🤖 AI Summary
This work addresses the premature convergence of Verifiable Reward Reinforcement Learning (RLVR) in large language model inference, which often arises from rapid policy entropy collapse leading to overly narrow reasoning paths. To mitigate this, the authors propose a position-aware entropy calibration mechanism that dynamically identifies decision-sensitive token positions during generation. At these critical locations, a soft mask is constructed using local top-p entropy and competition between the top two candidate tokens, combined with an anchor-based lower-bound penalty to encourage selective exploration. This approach shifts entropy regularization from uniform global application to targeted modulation at key decision points, substantially improving exploration efficiency over long reasoning trajectories. The method consistently outperforms strong RLVR baselines across five mathematical reasoning benchmarks, achieving particularly notable gains on AIME-style problems.
📝 Abstract
Reinforcement learning with verifiable rewards (RLVR) improves large language model reasoning but often suffers from rapid policy-entropy collapse, where the policy prematurely concentrates on narrow high-probability reasoning paths.
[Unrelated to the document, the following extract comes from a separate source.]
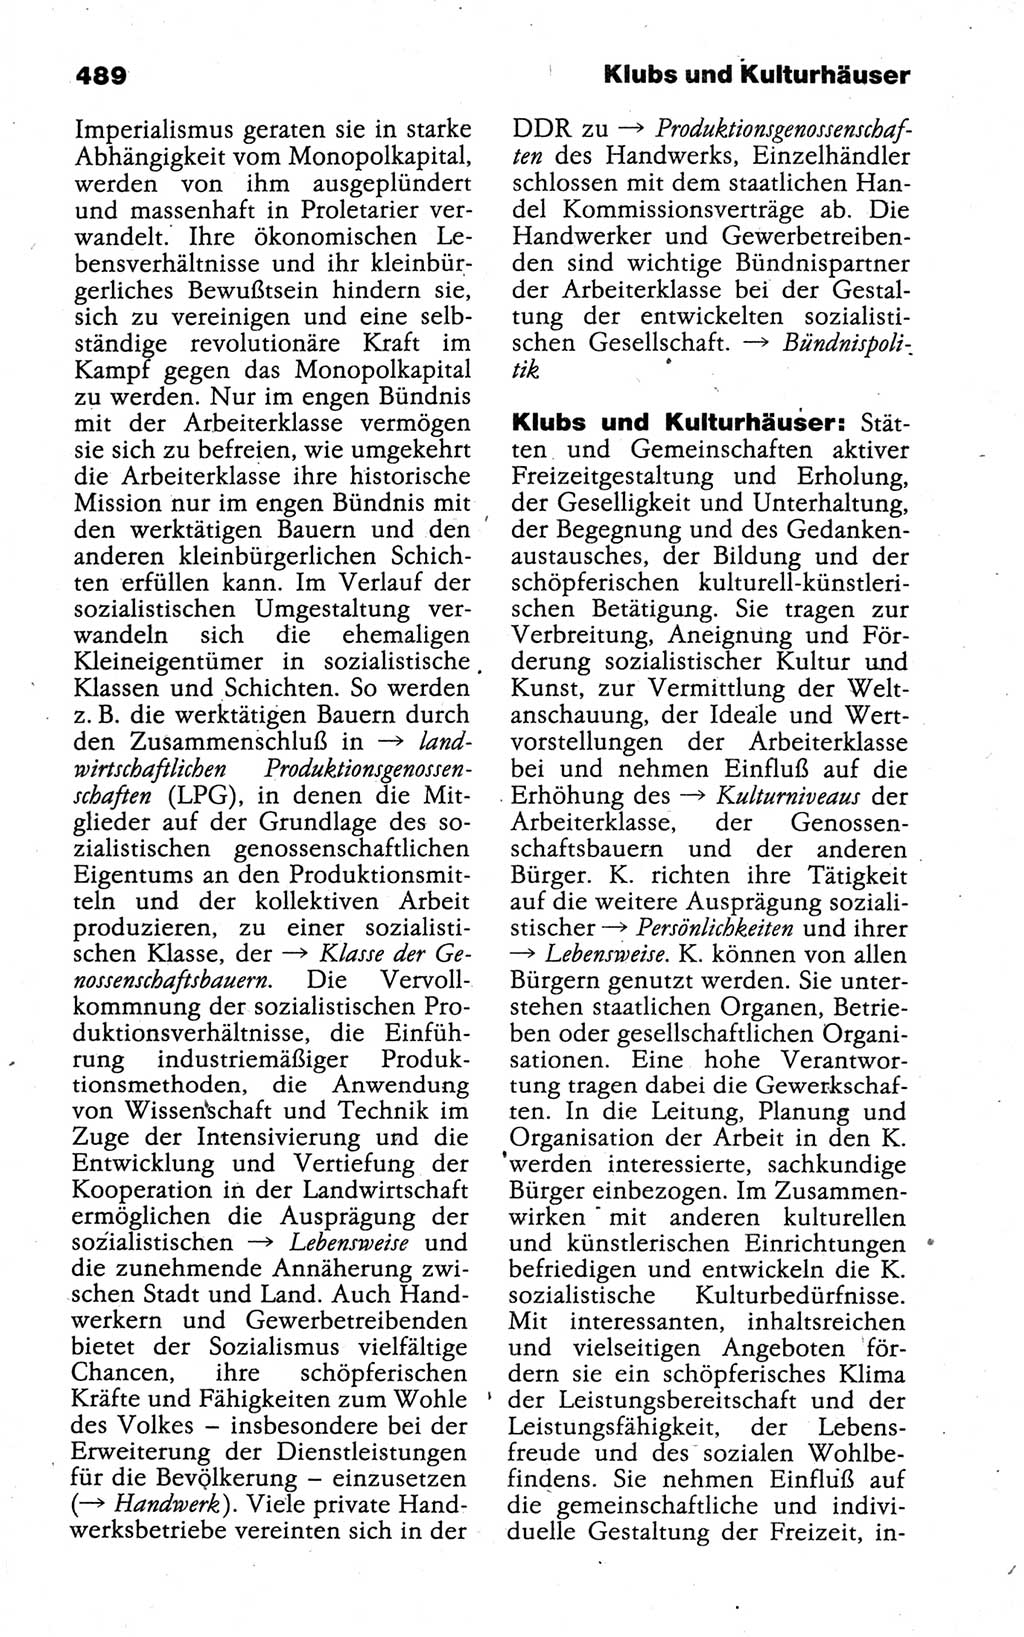 Kleines politisches Wörterbuch [Deutsche Demokratische Republik (DDR)] 1988, Seite 489 (Kl. pol. Wb. DDR 1988, S. 489)
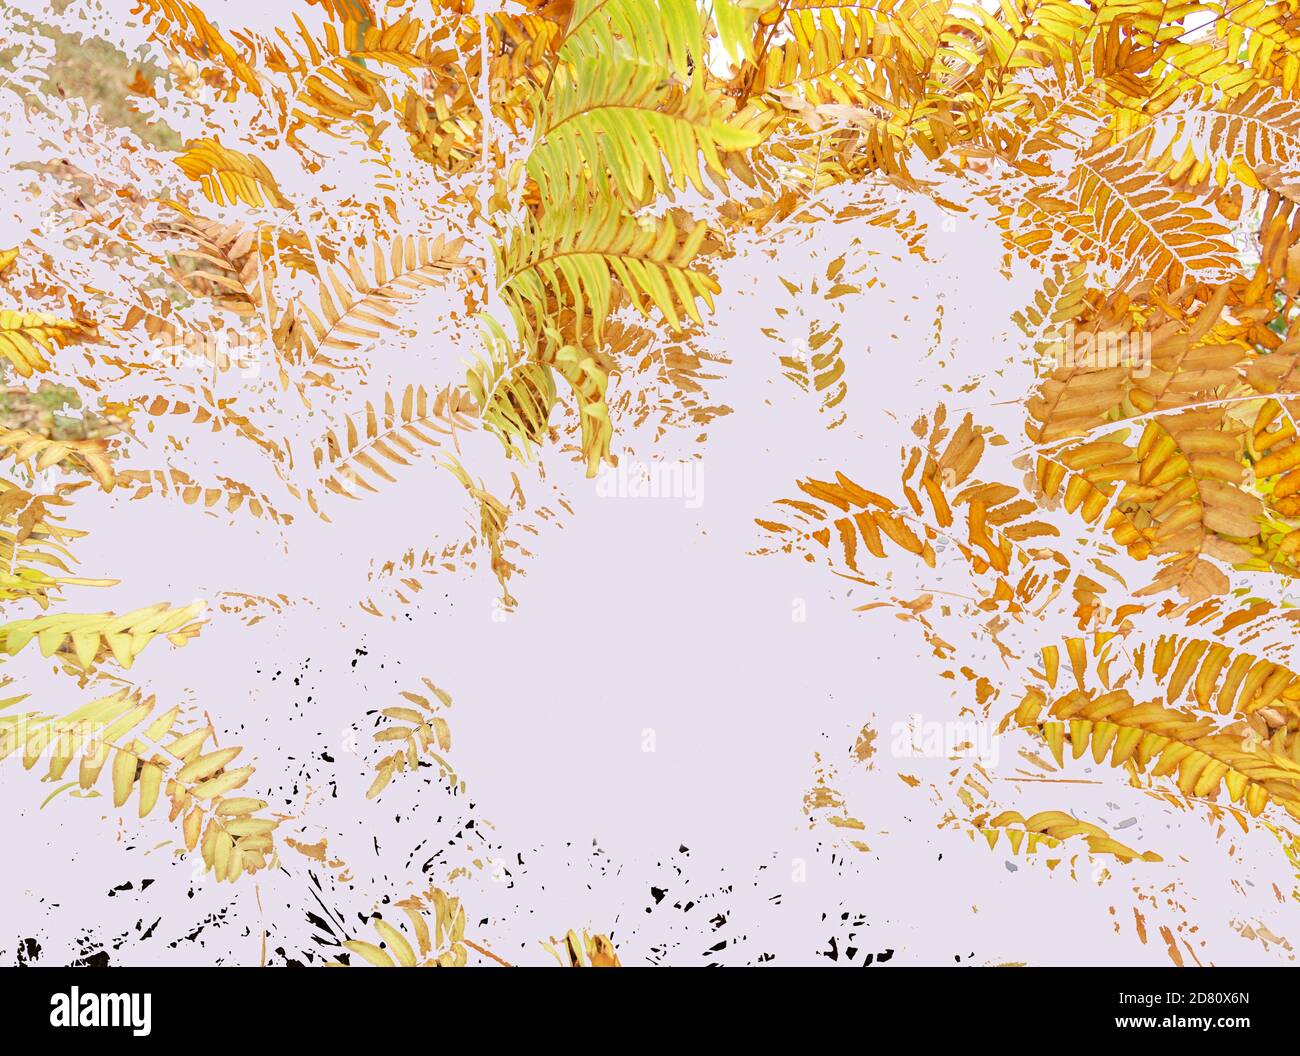 Digitale Illustration aus Skizze der Herbstfarnblätter. Kopierbereich, weißer Hintergrund, horizontale Komposition. Stockfoto

While global entropy regularization can encourage exploration, uniformly increasing entropy across all token positions is inefficient for long reasoning trajectories, where many tokens are not decision-relevant. We propose Position-Aware Entropy Calibration (PAEC), a token-level entropy-management framework that constructs a soft mask from local top-p entropy and top-two candidate competition, and applies an anchor-based lower-bound penalty to prevent selected-position entropy collapse. Experiments on five mathematical reasoning benchmarks show that PAEC improves macro-average majority-vote performance over strong RLVR baselines, with clear gains on AIME-style tasks. Our results suggest that entropy management in reasoning RL should be formulated as selective exploration allocation over decision-sensitive positions rather than uniform randomness injection.